## WHAT YOU HAVE TO DO
The result should be an exact copy of the data, free of pictures.

## DATA PROVIDED
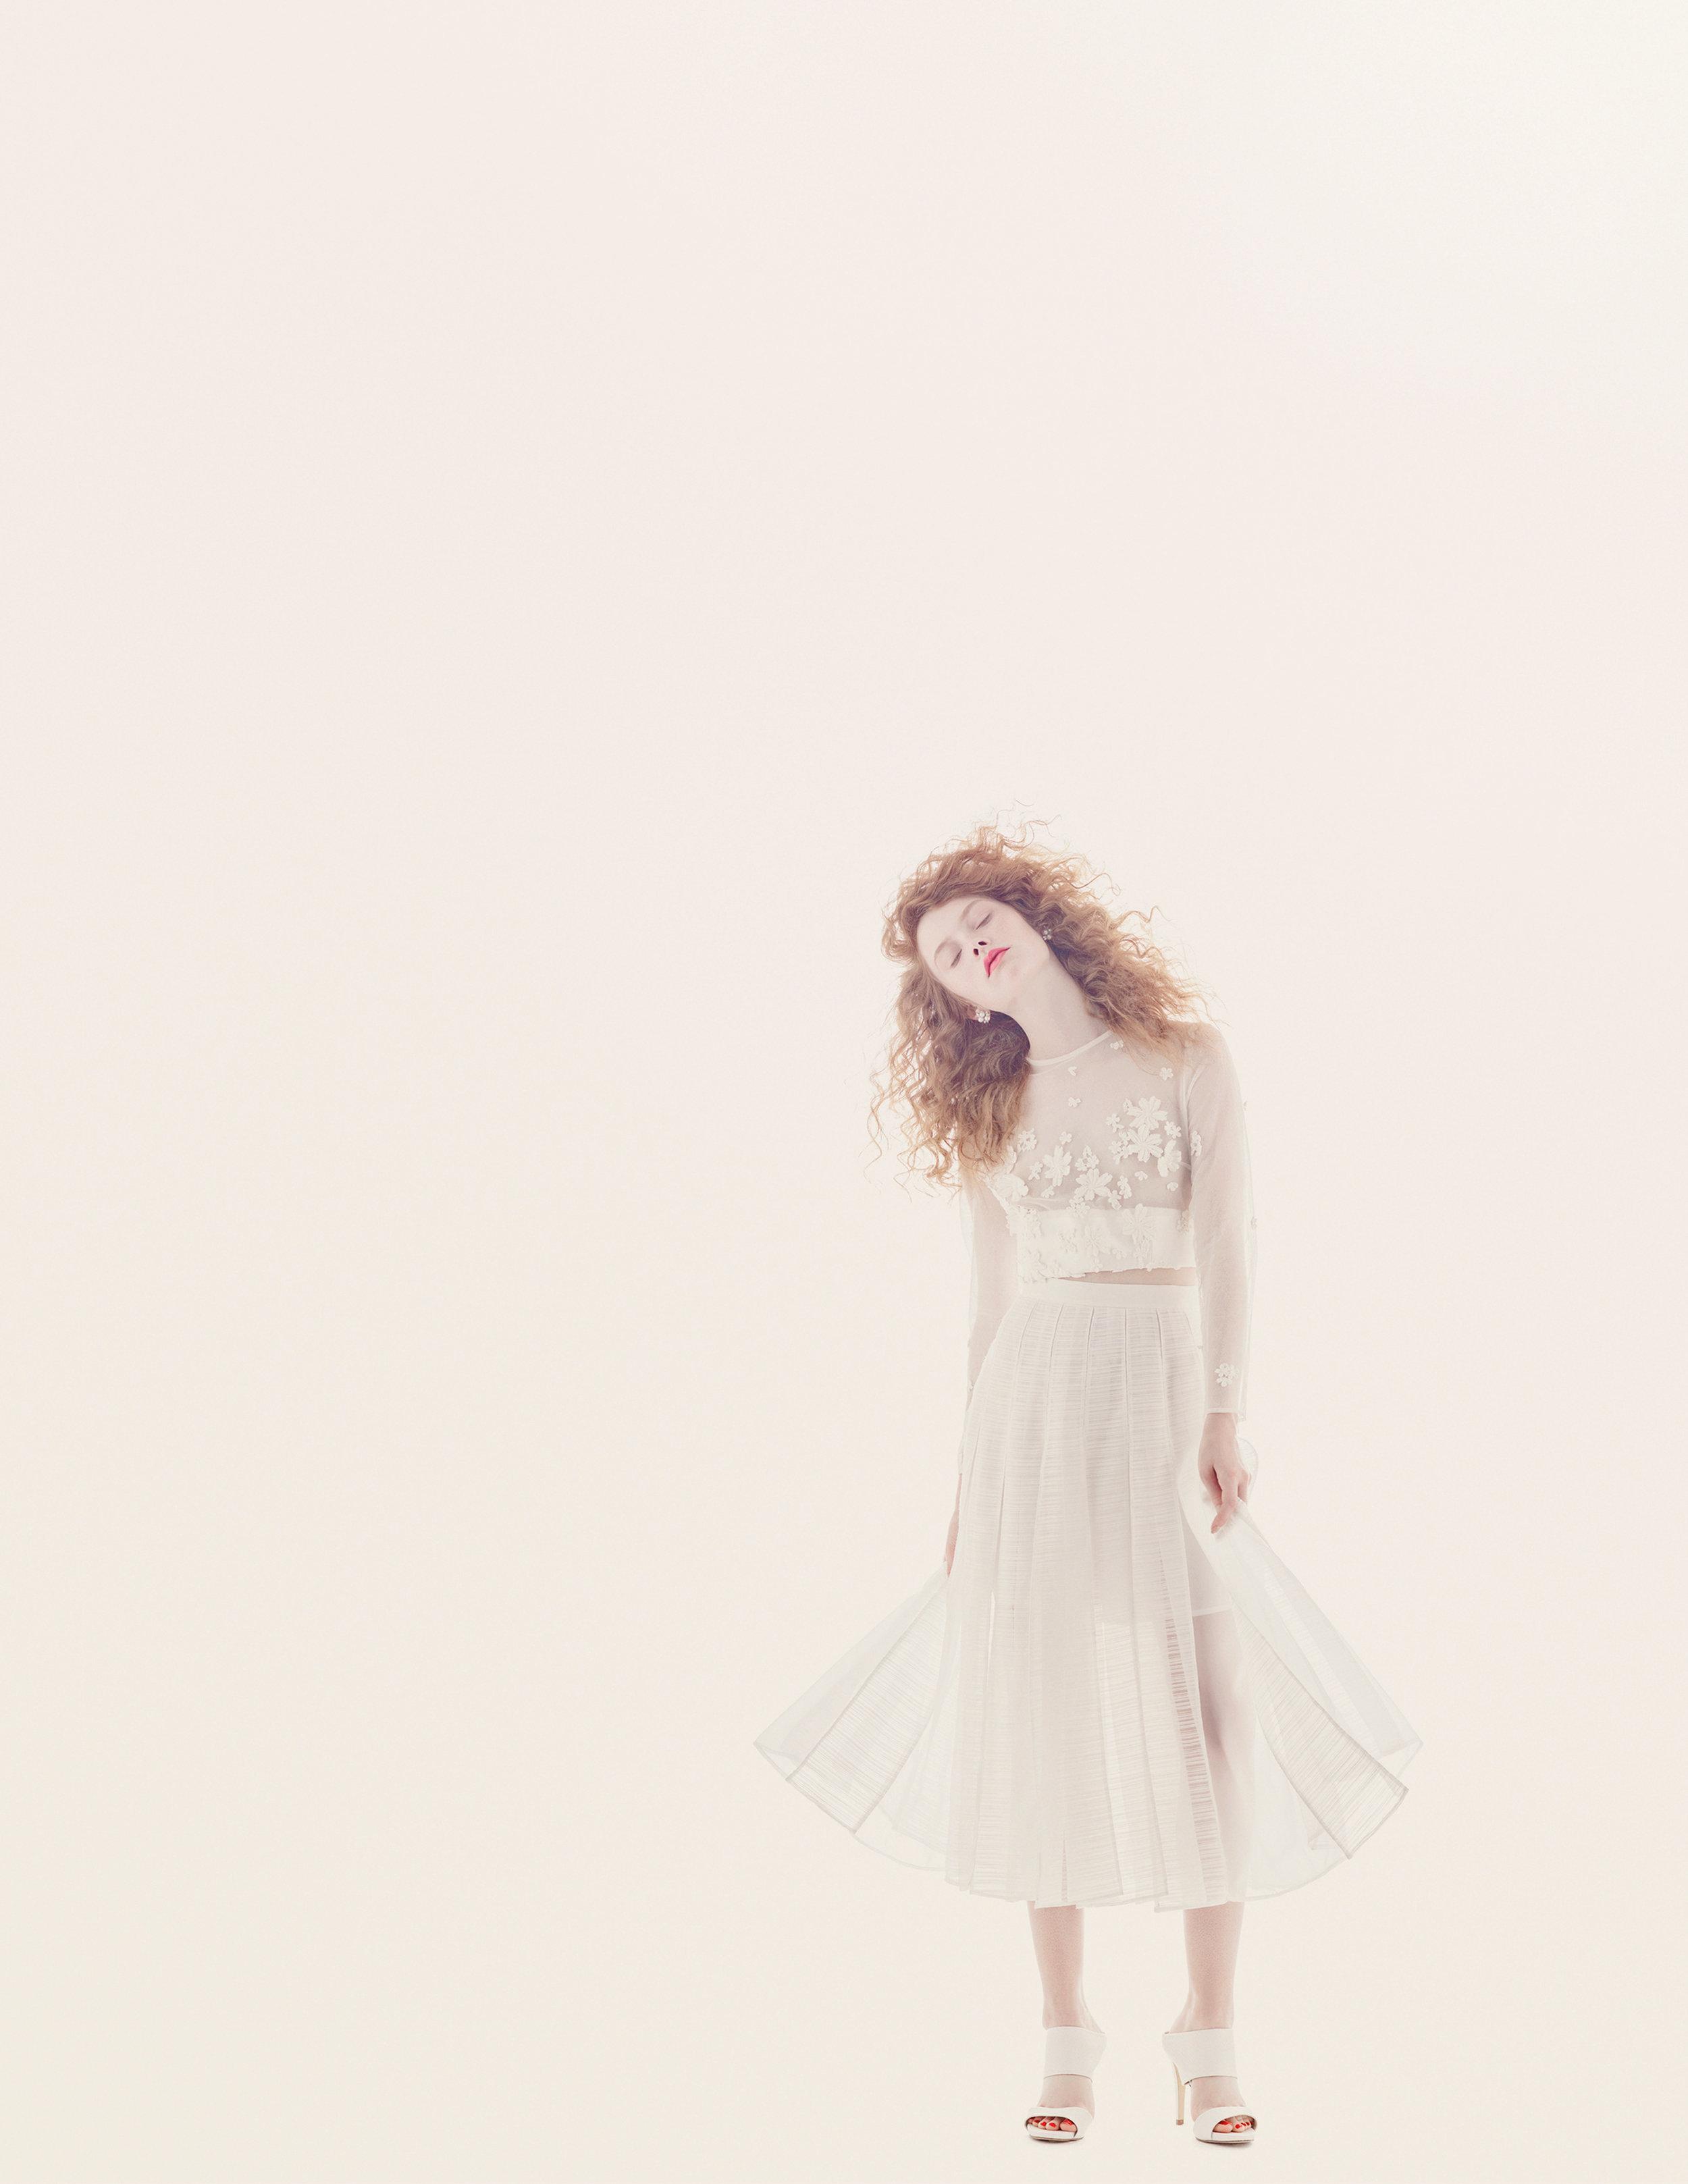 2-Emily-Bess-Marta-McAdams-Taylor-Greene-Atlas-Magazine.jpg
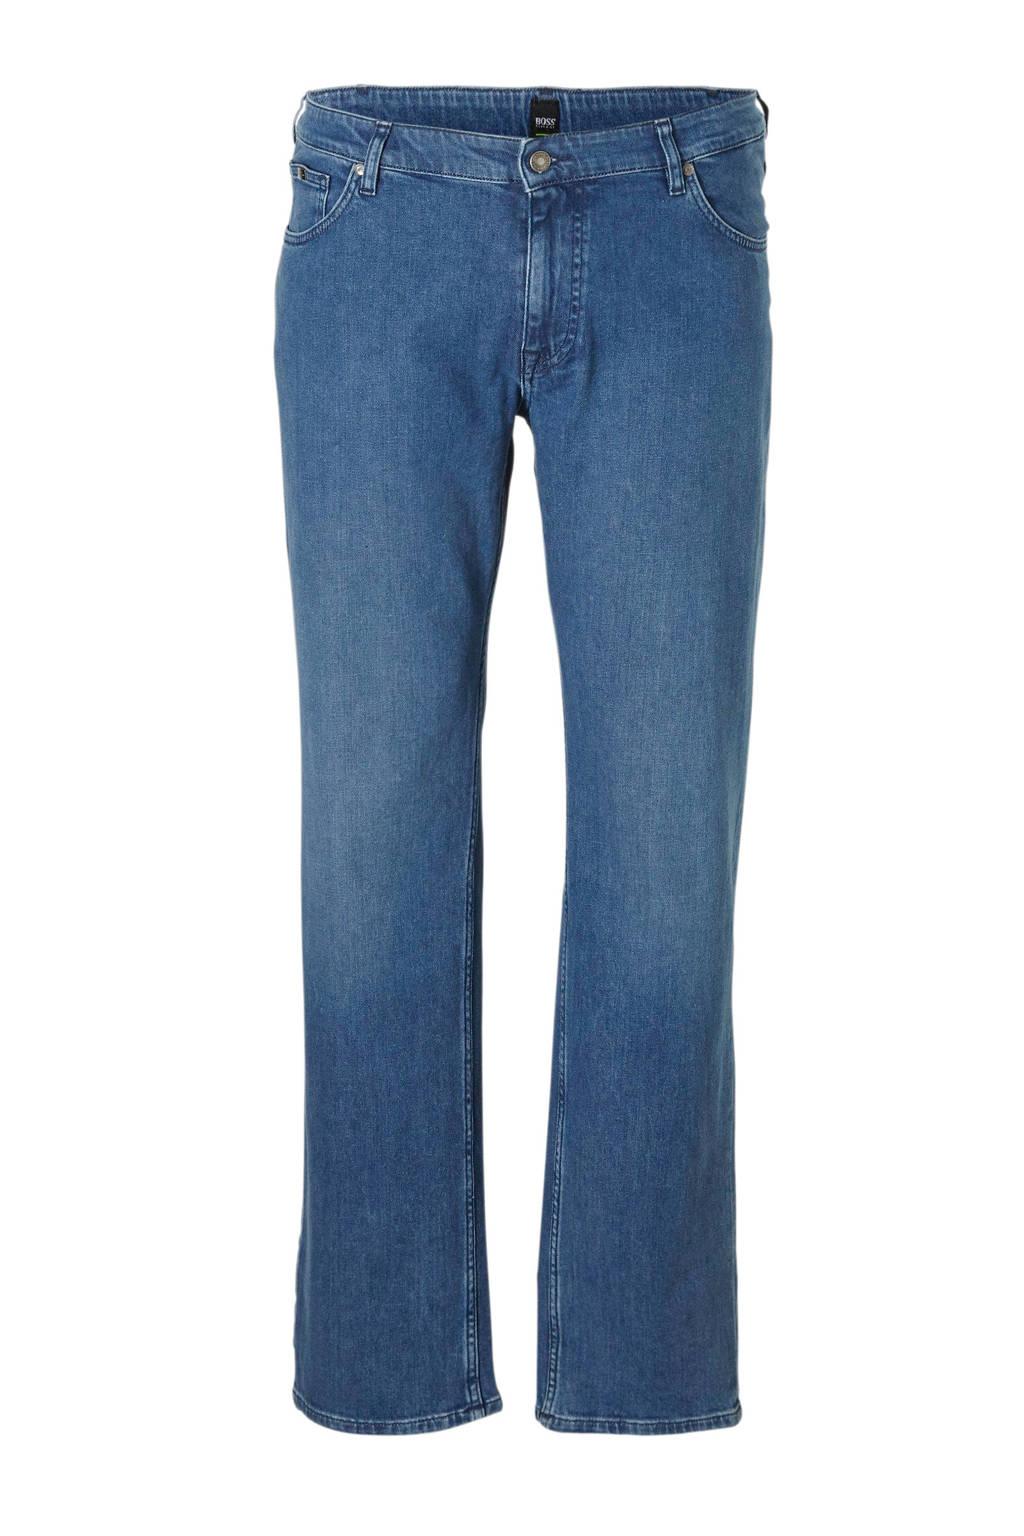 Boss Athleisure regular fit jeans, Blue denim
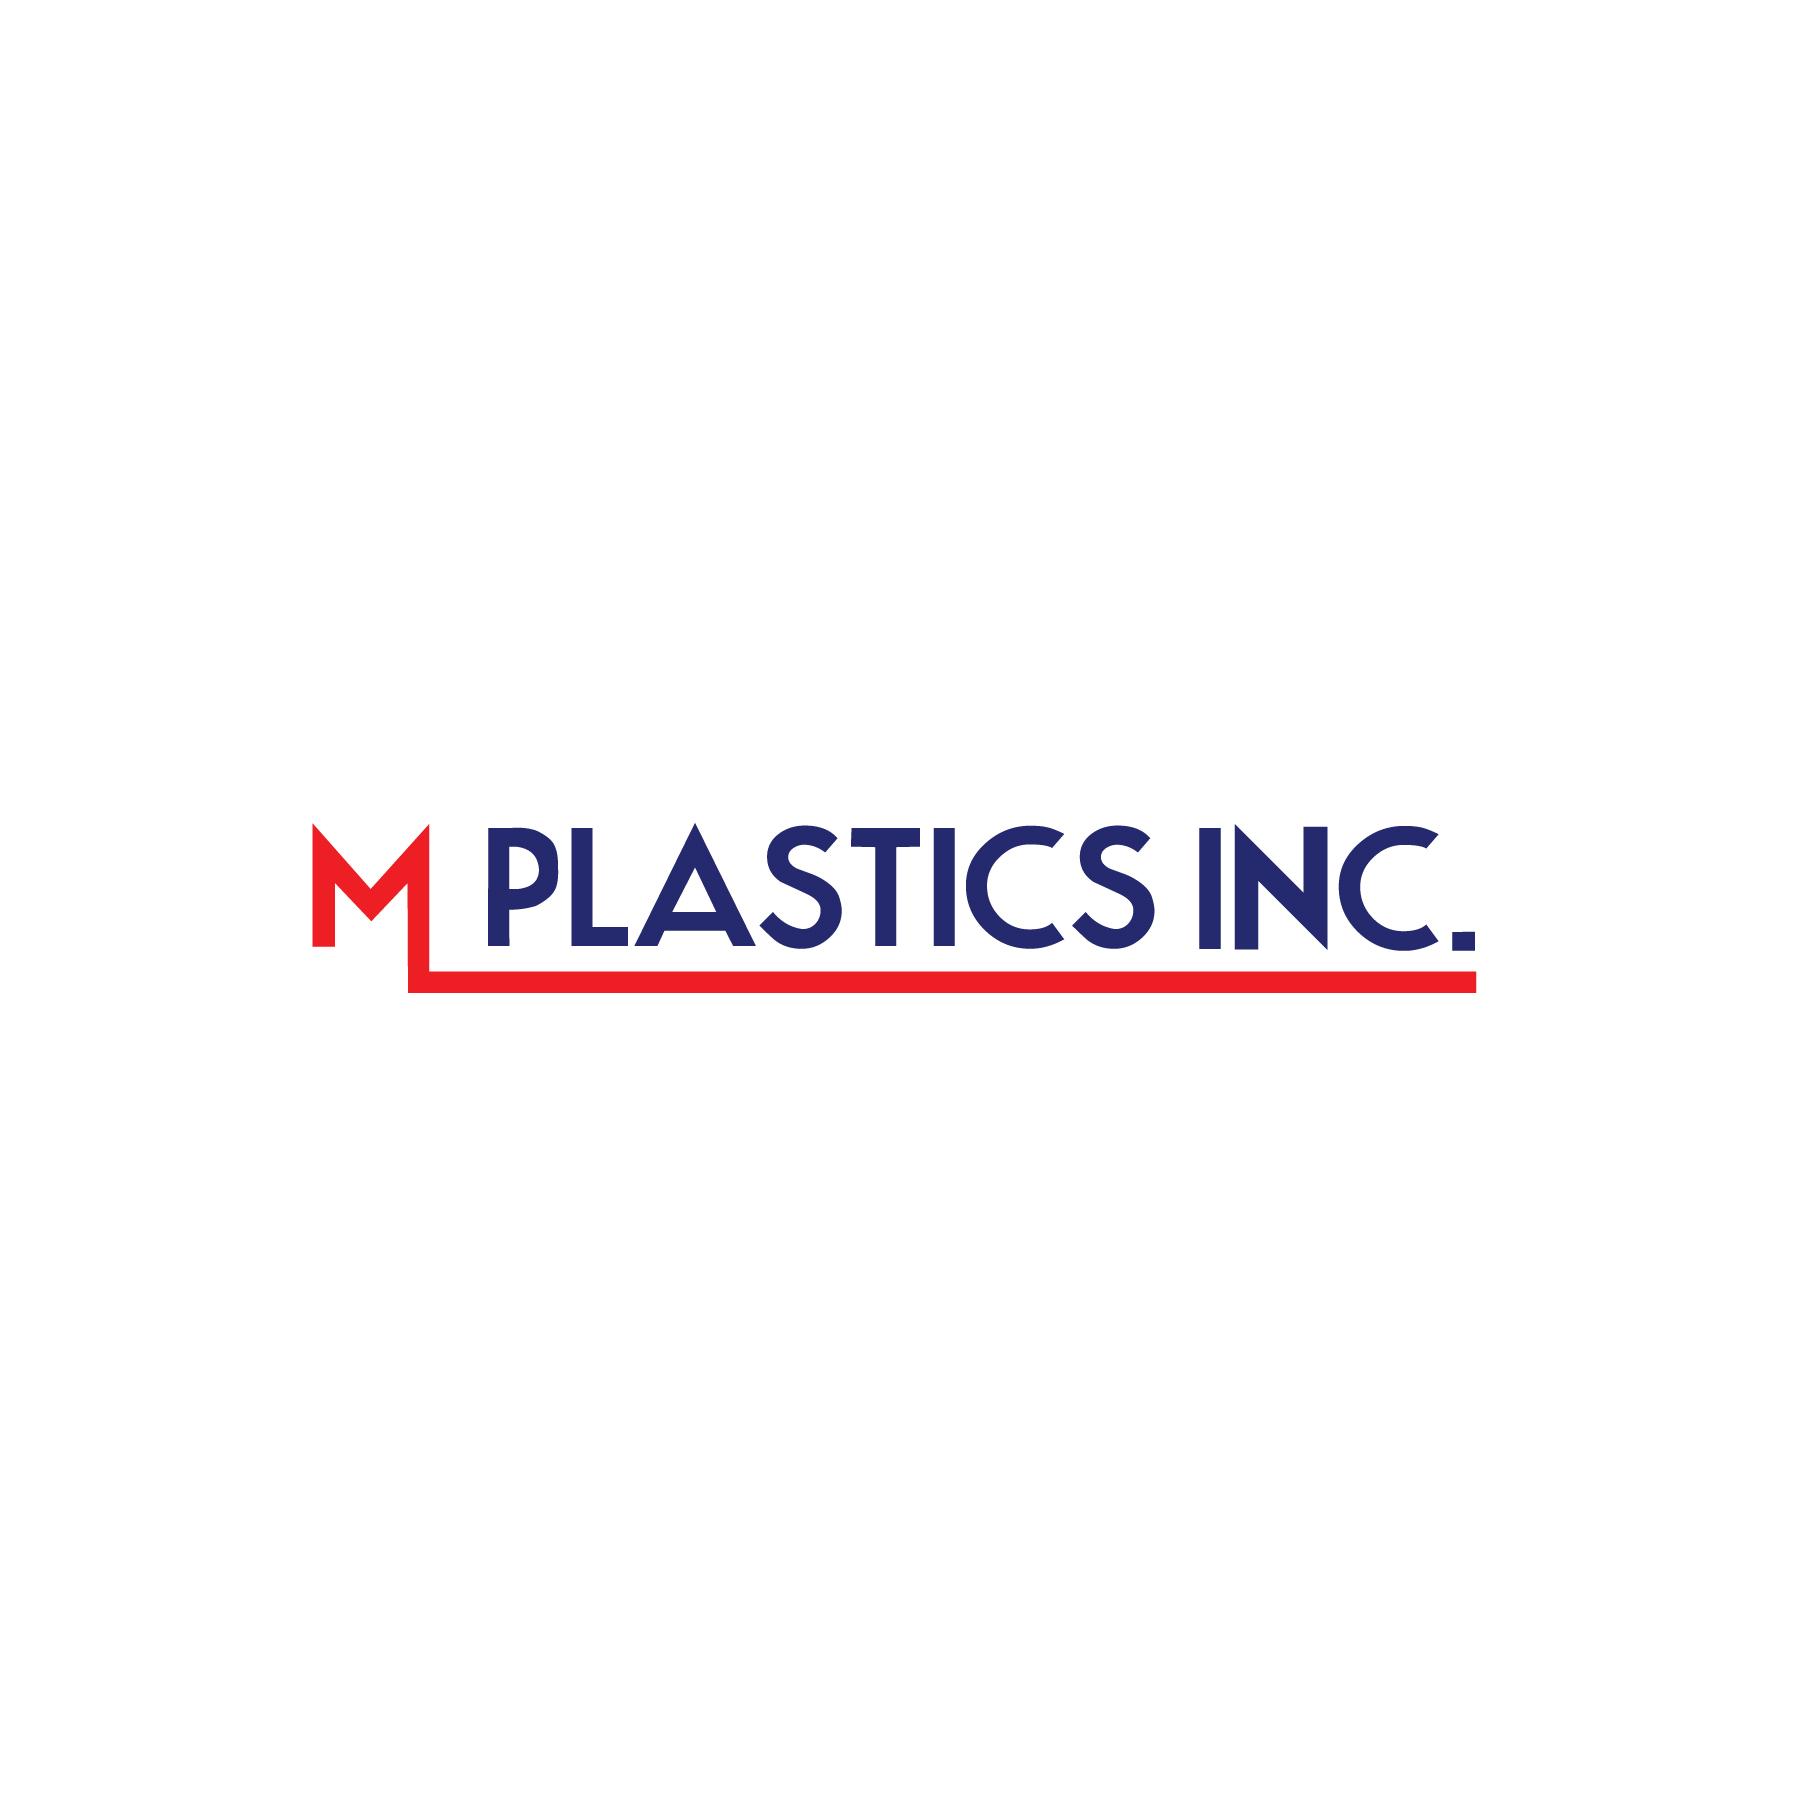 M Plastics Inc.

## OUTPUT
 2-Emily-Bess-Marta-McAdams-Taylor-Greene-Atlas-Magazine.jpg
 Boss Athleisure regular fit jeans, Blue denim
 M Plastics Inc.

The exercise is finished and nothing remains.